Durée du préavis exceptionnellement longue et rupture des relations commerciales
L’existence de circonstances particulières justifie de déroger au maintien des relations commerciales aux conditions antérieures pendant toute la durée du préavis.
Un distributeur d’articles de sport a indiqué à son fournisseur d’appareils d’électrostimulation sa volonté de rompre leur partenariat à compter du 1er janvier 2021, après une période de préavis de trente-cinq mois. Il était précisé que les achats d’une valeur de 800 000 euros en 2017, diminueraient progressivement avant la cessation totale en 2021. Le montant serait de 600 000 euros en 2018, 500 000 euros en 2019 et enfin 200 000 euros en 2020. Le fournisseur assigne le distributeur pour avoir rompu brutalement les relations commerciales et pour ne pas avoir maintenu leurs relations antérieures pendant toute la durée du préavis.
La Haute cour a suivi les juges d’appel pour rejeter le pourvoi. Elle rappelle au visa de l’article L. 442-6, I, 5° du code de commerce que la relation commerciale doit se poursuivre aux conditions antérieures pendant l'exécution du préavis, ce qui implique que les modifications qui peuvent lui être apportées ne doivent pas être substantielles.

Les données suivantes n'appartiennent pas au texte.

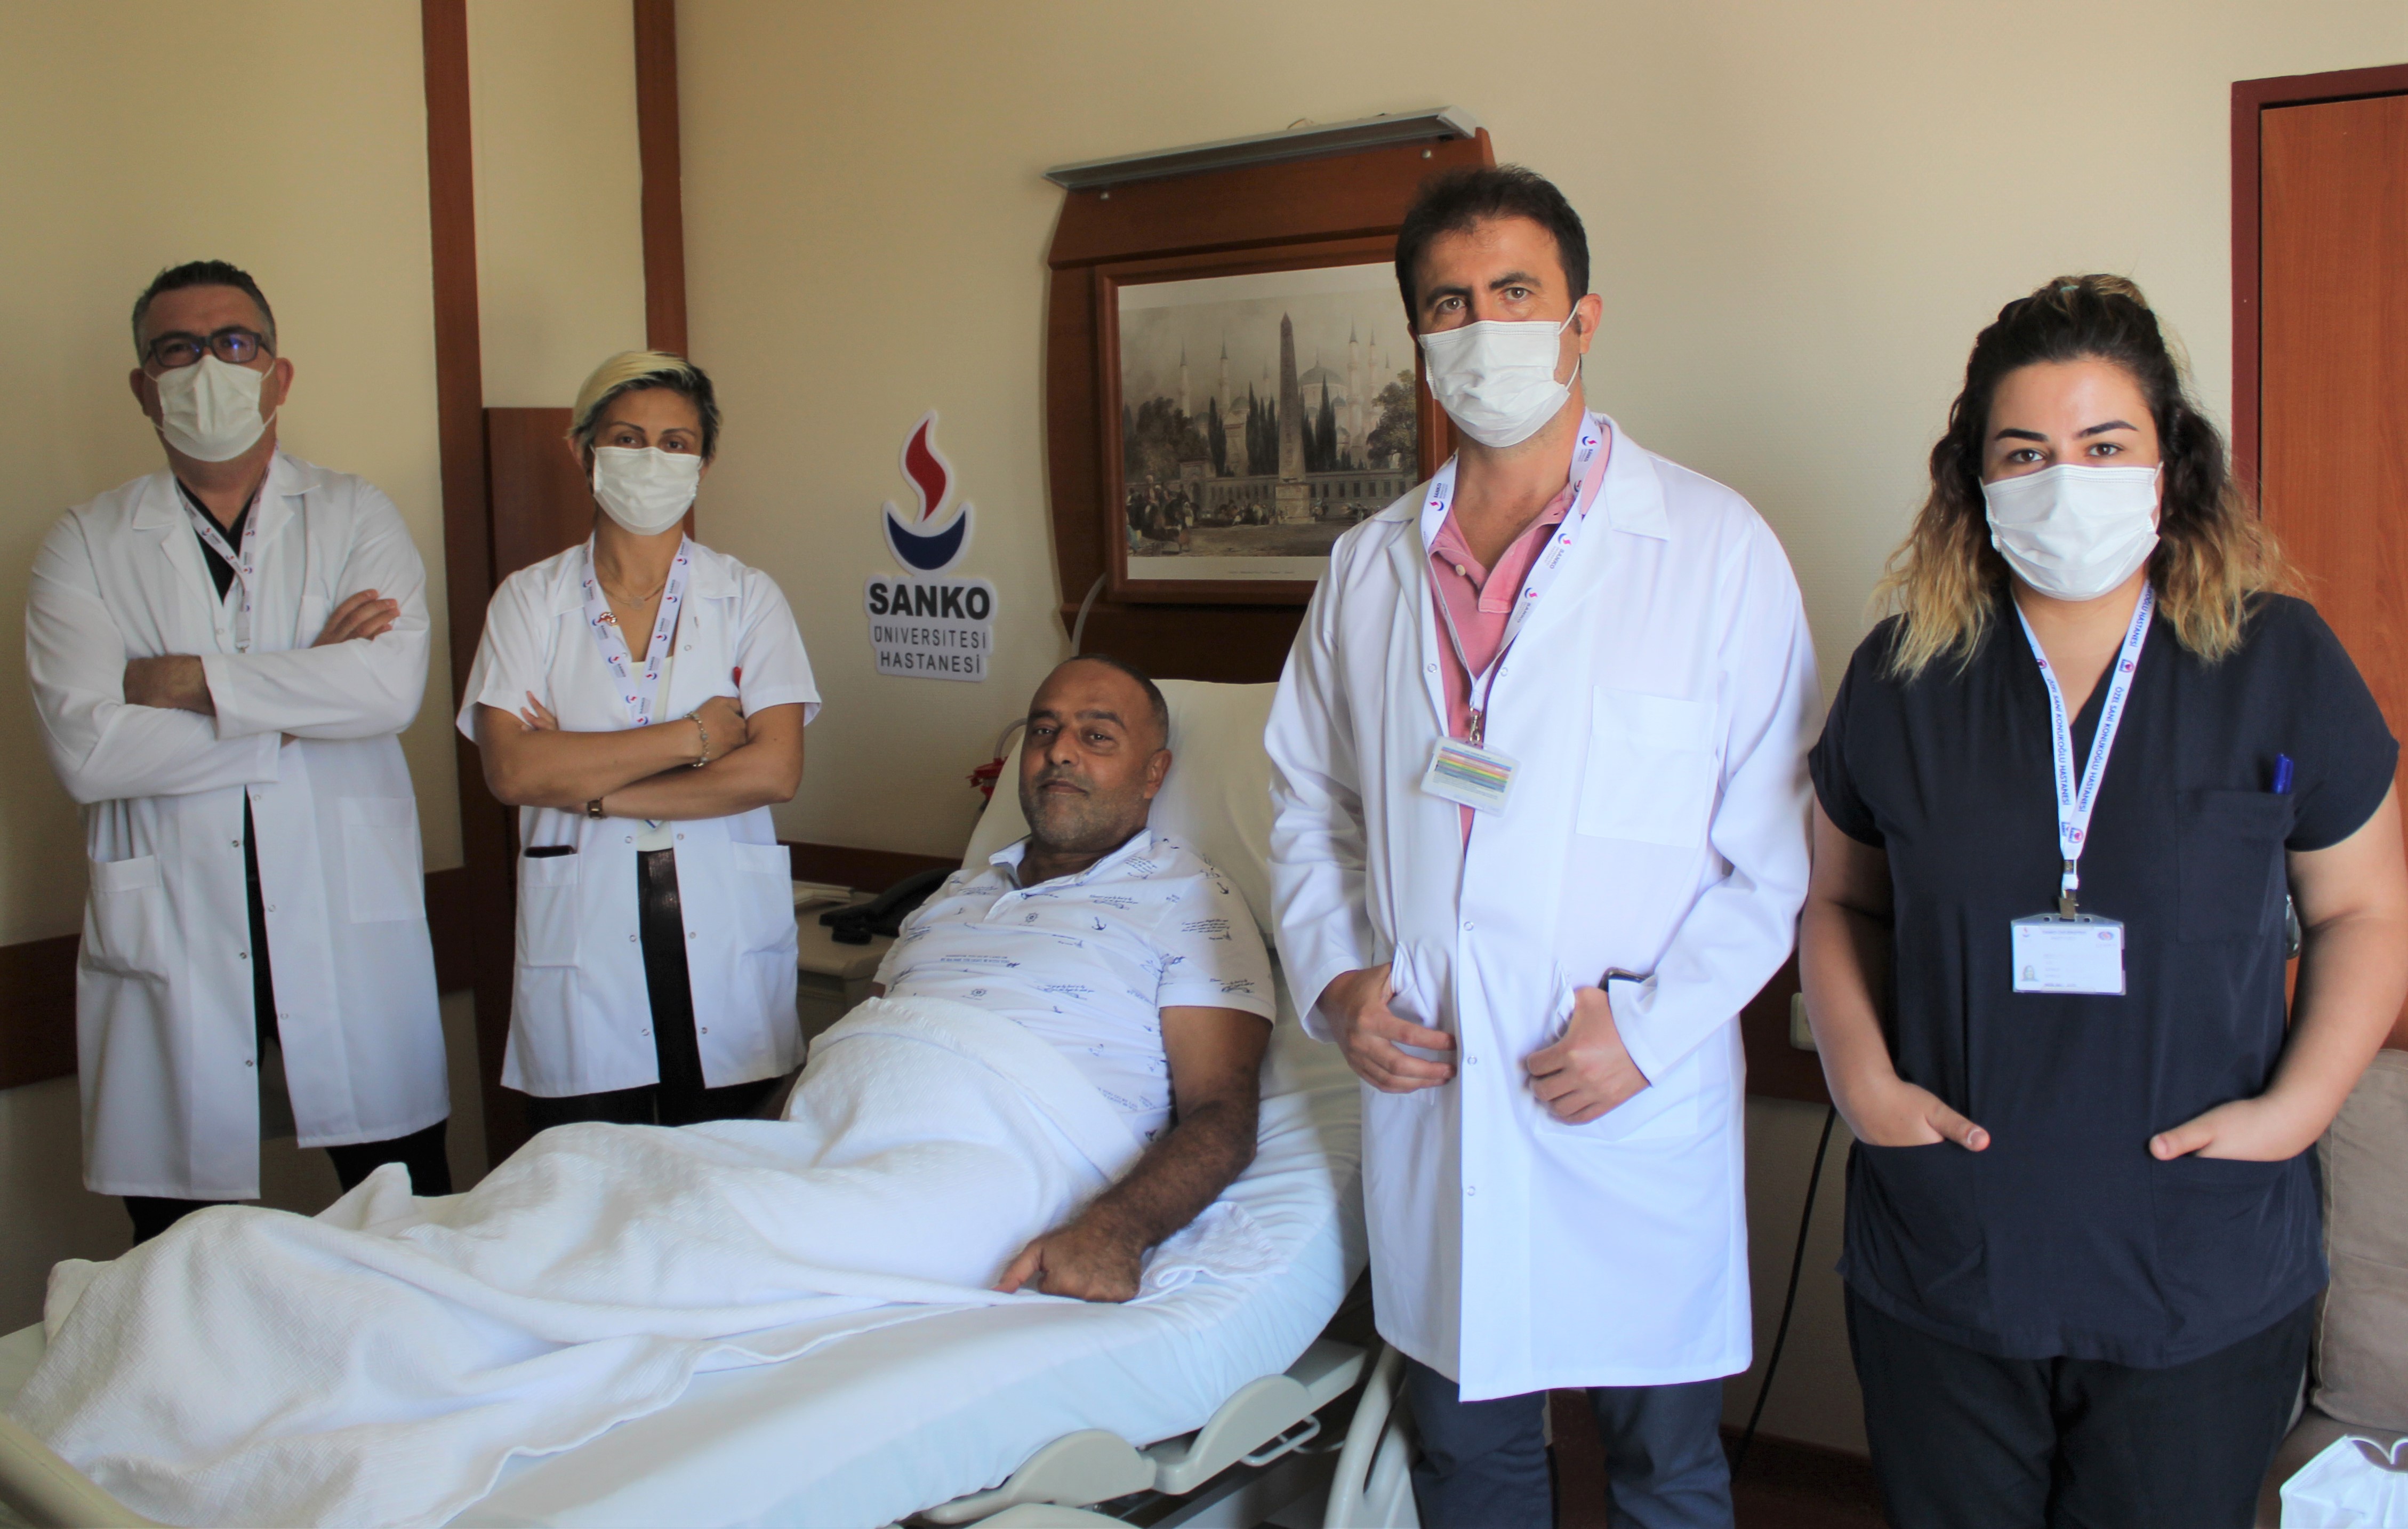 SANKO Üniversitesi Hastanesi Gaziantep’te ilki gerçekleştirdi

Cependant, en cas de circonstances particulières, l’auteur n’est pas tenu de maintenir les conditions antérieures.
La Cour de cassation constate qu’au regard des usages de la profession, la durée minimale du préavis est de dix mois. En accordant un préavis de trente-cinq mois, la Haute cour constate l’existence de circonstances particulières dérogeant à la prohibition des modifications en cours de préavis. Dès lors, l'existence de circonstances particulières autorise le distributeur, qui en a d'emblée informé le fournisseur, à ne pas maintenir les conditions antérieures au-delà de la première année d'exécution du préavis.